Deshalb beschreibt man die Beziehung der beiden Assets besser als Segmentierung statt als direkte Konkurrenz.

Vertrauen bleibt Teil der Gleichung

Eine der hartnäckigsten Missverständnisse rund um Blockchain-Systeme ist die Annahme, sie würden Vertrauen vollständig eliminieren.

Bitcoin reduziert die Abhängigkeit von zentralisierten Intermediären, weil Eigentum über Private Keys kontrolliert und Settlement durch ein dezentrales Netzwerk validiert wird. Keine einzelne Entität kann willkürlich Angebotsregeln ändern oder Transaktionshistorien umschreiben.

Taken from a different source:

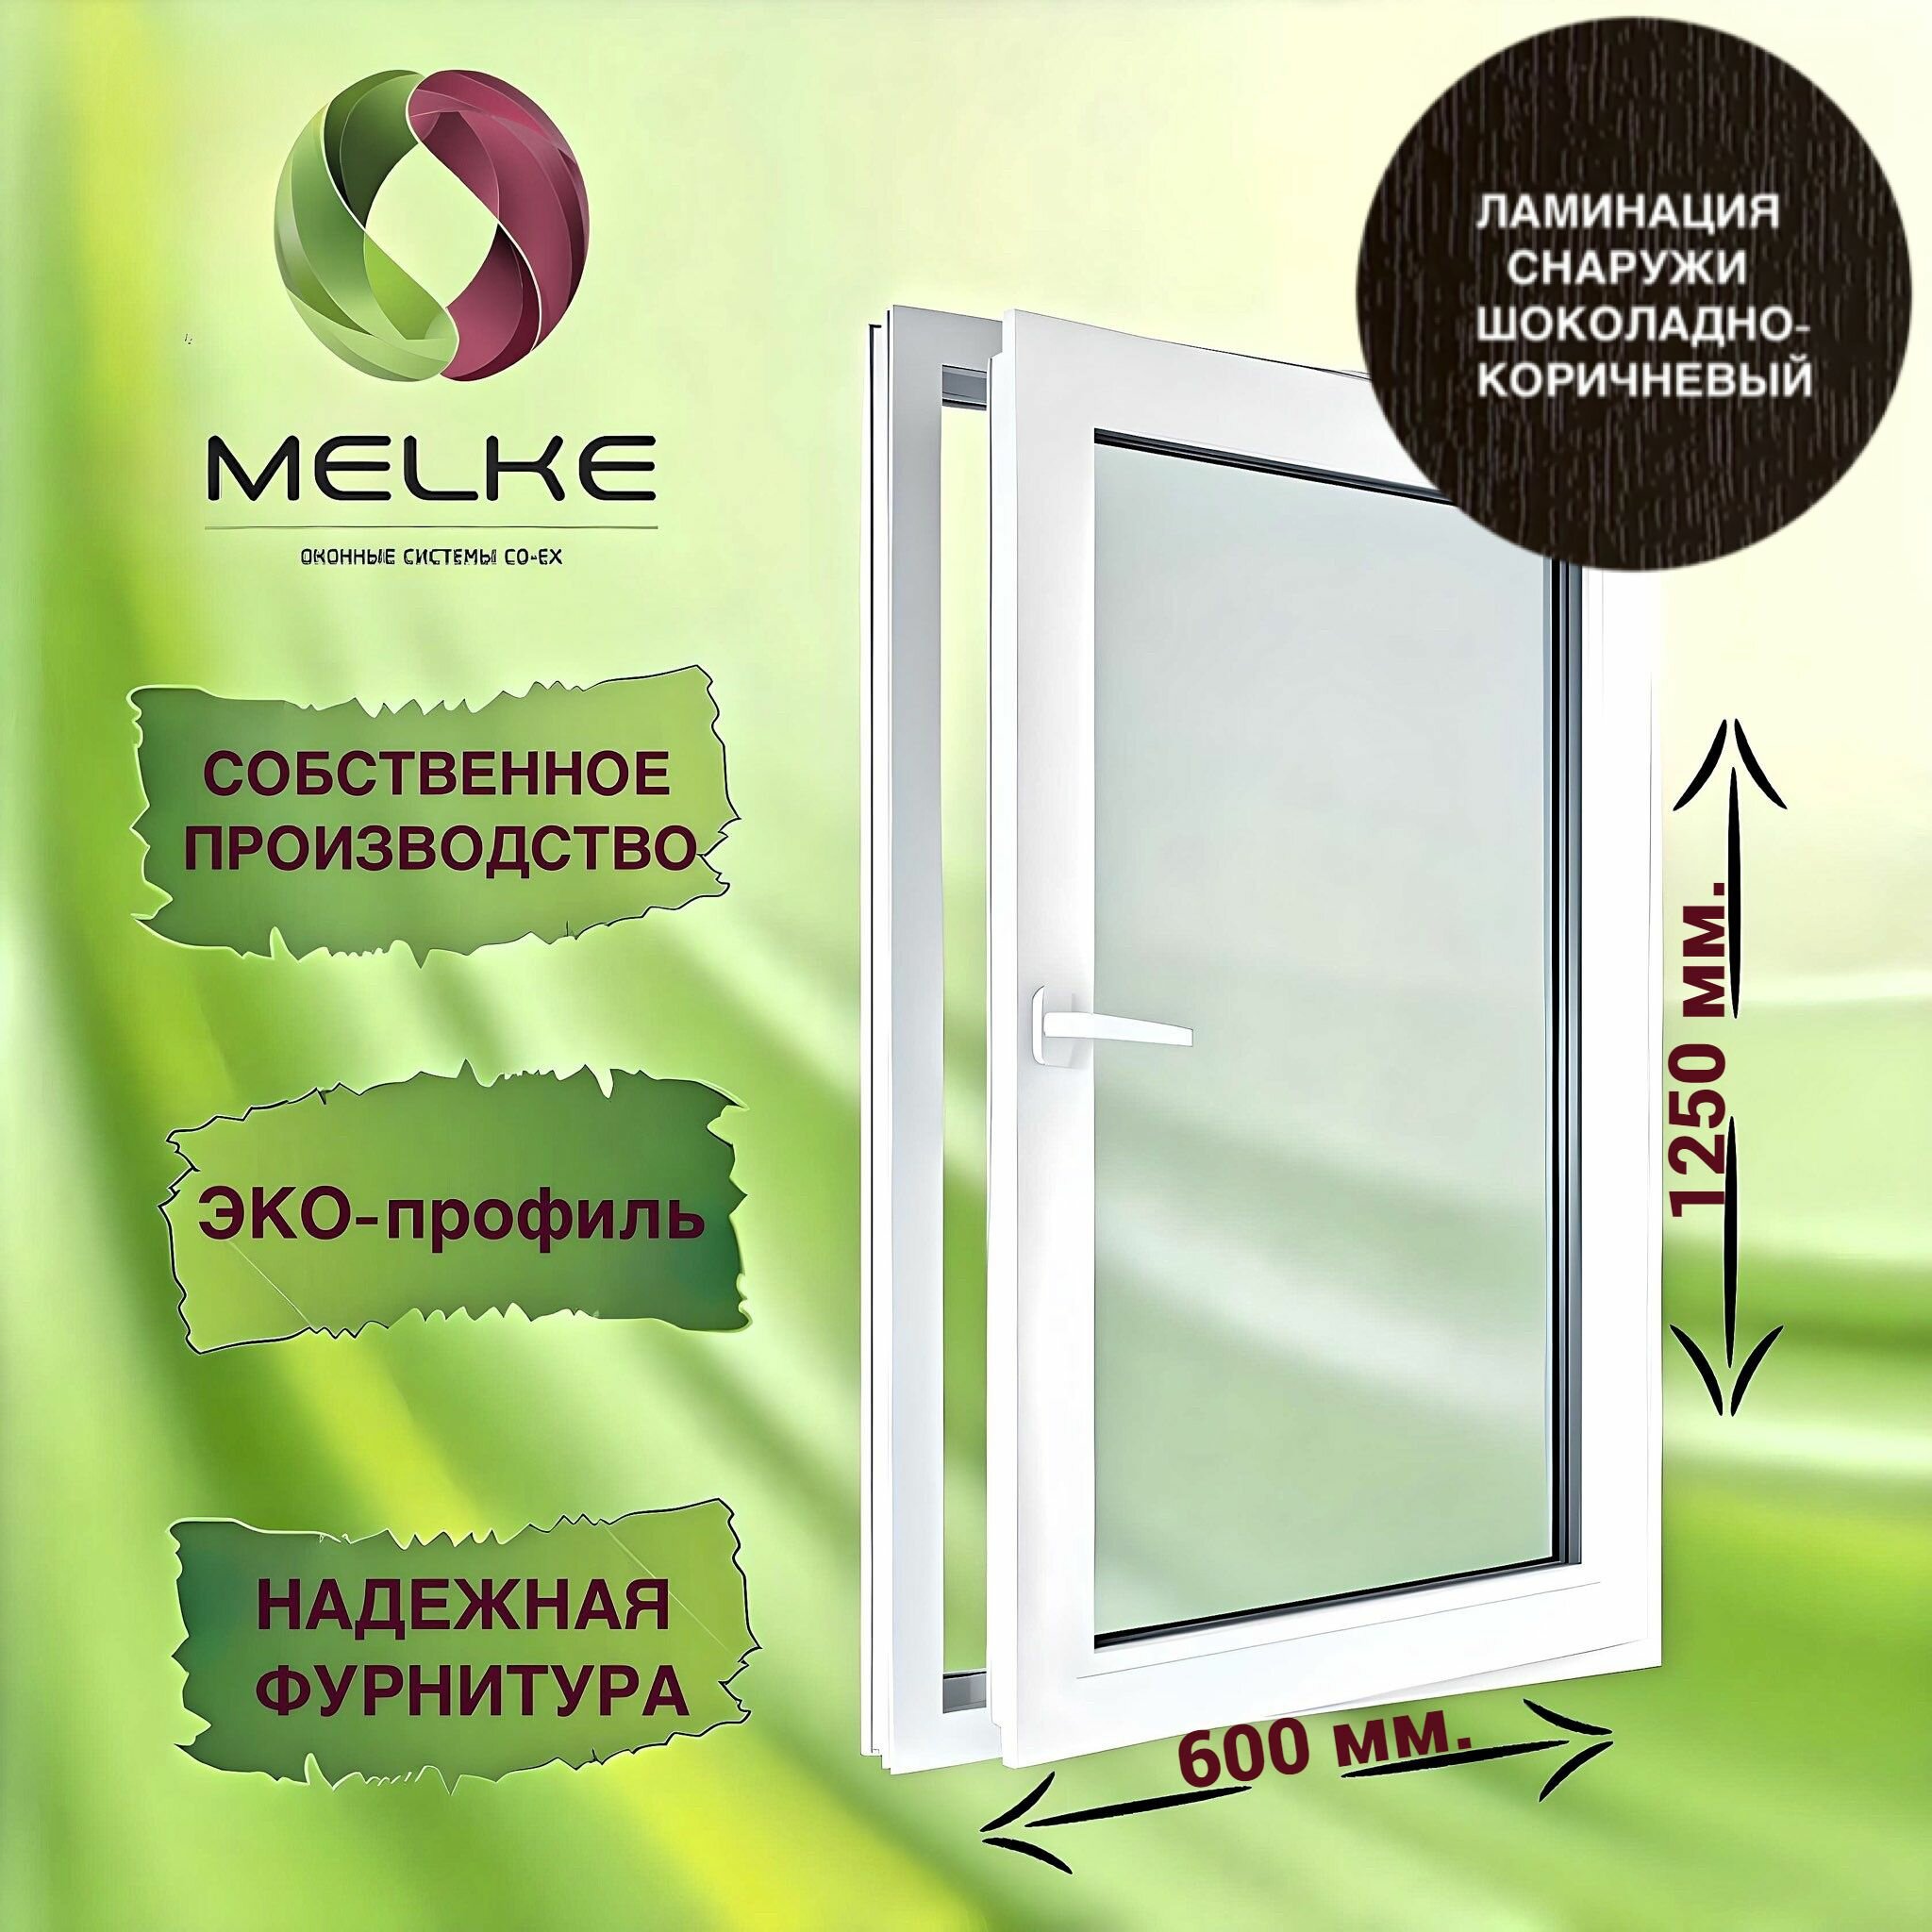 Окно 1250 х 600 мм, Melke 60 (Фурнитура FUTURUSS), правое одностворчатое, поворотно-откидное, цвет внешней ламинации Шоколадно-коричневый, 2-х камерный стеклопакет, 3 стекла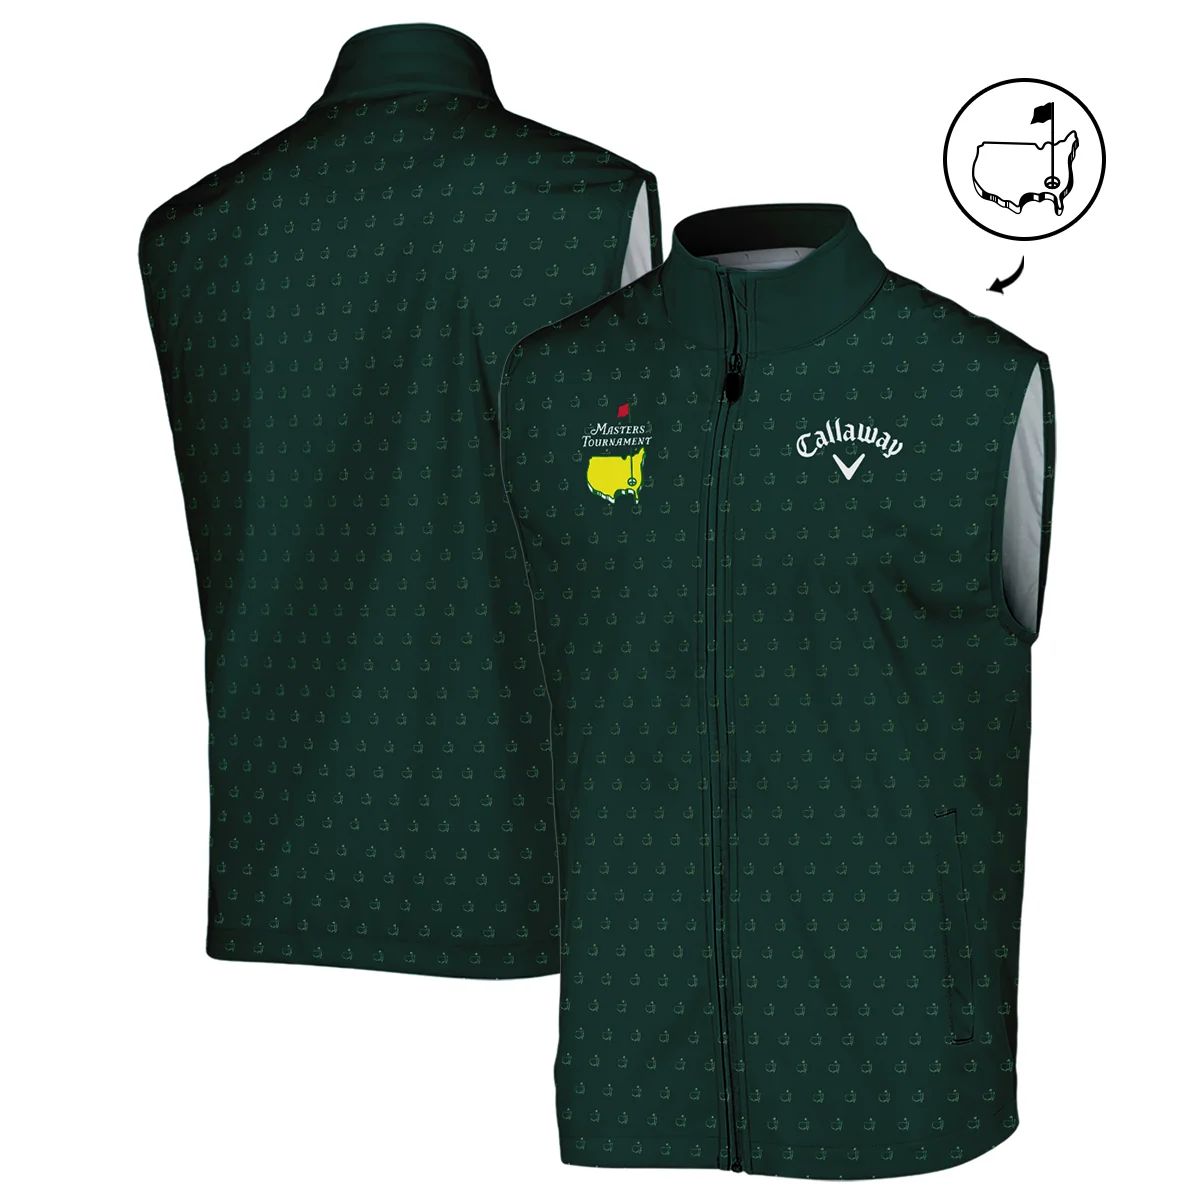 Golf Masters Tournament Callaway Zipper Polo Shirt Logo Pattern Gold Green Golf Sports All Over Print Zipper Polo Shirt For Men

Gleichzeitig ist Vertrauen weiterhin vorhanden. Nutzer verlassen sich auf Software-Sicherheit, Netzwerk-Anreize und die Annahme, dass der dezentrale Konsens wie vorgesehen funktioniert.

PAXG verlagert das Vertrauen an eine andere Stelle.

Das System hängt von Verwahrern ab, die die zugrundeliegenden Goldreserven halten, von Auditoren, die die Bestände prüfen, und von Regulatoren, die Compliance-Strukturen überwachen. Die Blockchain-Infrastruktur verbessert Transparenz und Transferierbarkeit, aber die Basis bleibt auf Institutionen angewiesen, die volle Deckung gewährleisten.

Diese Unterscheidung ist wichtig, weil viele tokenisierte Assets, die als „On-Chain Finance“ vermarktet werden, unter der Oberfläche weiterhin traditionelles Gegenparteirisiko tragen.

Fazit

Bitcoin und PAXG werden oft unter derselben „digitales Gold“-Erzählung zusammengefasst, repräsentieren aber zwei sehr unterschiedliche Konzepte.

Bitcoin wurde als dezentrales monetäres Netzwerk mit digital durchgesetzter Knappheit und ohne externe Deckung entworfen. PAXG nimmt ein traditionelles Reserve-Asset und legt es auf Blockchain-Infrastruktur, ohne das zugrundeliegende Modell zu verändern.

Das eine versucht, ein alternatives Geldsystem außerhalb der traditionellen Finanzwelt aufzubauen.

Das andere modernisiert den Zugang zu einem der ältesten finanziellen Safe-Haven-Assets der Welt.

Deshalb funktioniert der Vergleich besser als Kontrast denn als direkte Gleichsetzung.